This feels like a wakeup call to the Dodgers (probably more for the fans than the players) that no matter how good they are they better bring their A game against a Mets team that can run degrom and scherzer out there during a playoff series.
On the other hand, it feels encouraging as a Dodgers fan that the Mets threw the absolute best they had at them and they were still a fantastic home run robbery away from a tie game.

Fishfoodmember
1 year ago
Reply to  connjc

Agree completely. The reality of this year’s Dodgers though is that they come from behind, always a threat. In past seasons, if you got ahead of them they’d just swing for the fences and try to hit a 6-run home run. Now they can hit situationally when necessary. That’s how you win a World Series, as is continually proven. It’s like how in the NBA the best defensive teams usually end up in the finals… even though everyone thinks it’s just about scoring.

SirCharlesK
1 year ago
Reply to  connjc

As a Mets fan, it’s easy to see that the Dodgers are a problem for anyone in the playoffs. Deep everywhere with batters that make every pitcher work.

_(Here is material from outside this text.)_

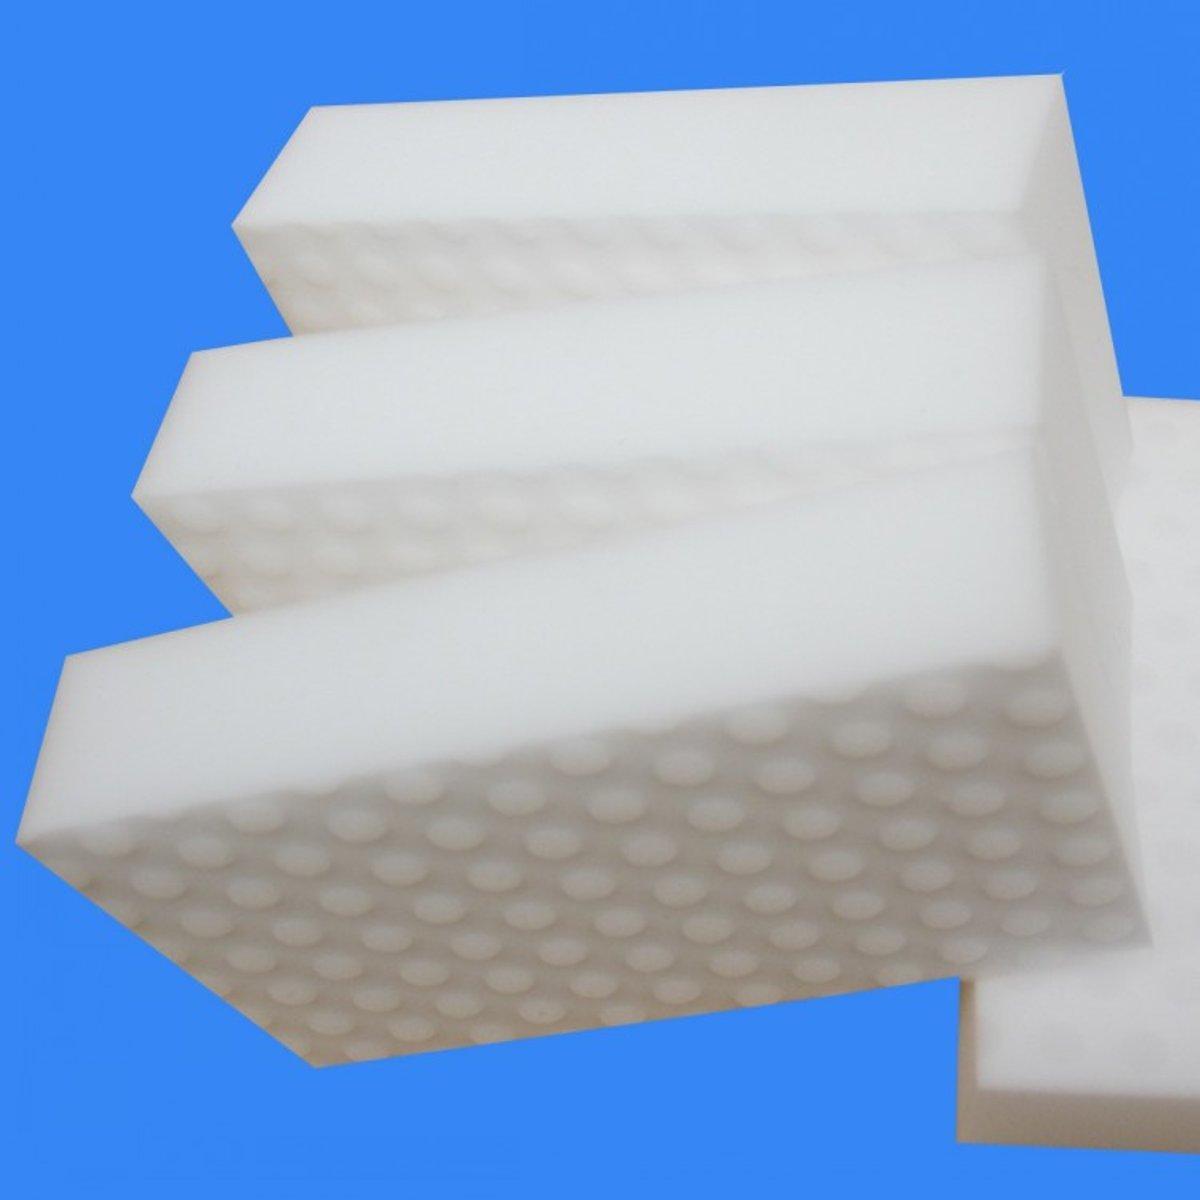 VANTEAM – 50 pcs/lot High density Compressed nano sponge, Cleaning Eraser Sponge, Melamine Foam Sponges, multi-functional Cleaning 100x60x20mm.

I have a feeling that if the teams meet, it’ll feel like the 2015 NLDS. Very close, tense and nerve wracking.

bosoxforlifemember
1 year ago
Reply to  SirCharlesK

I was already well ensconced on the Jacob deGrom band wagon and began to think he was even more than I thought after Game 1 of that series. He needs to keep it going for a few more years then he might be able to get a Koufax type ticket to the HOF. If we get to see another match-up between the two teams it should be great baseball. This terrific series did a lot to stoke the fire.

tung_twista
1 year ago
Reply to  connjc

Dodgers losing Anderson-deGrom matchup in New York by one run
is as encouraging as losses against potential playoff opponent gets.
No doubt deGrom was dealing, but the umpire had an extremely pitcher friendly zone that the Mets took full advantage of.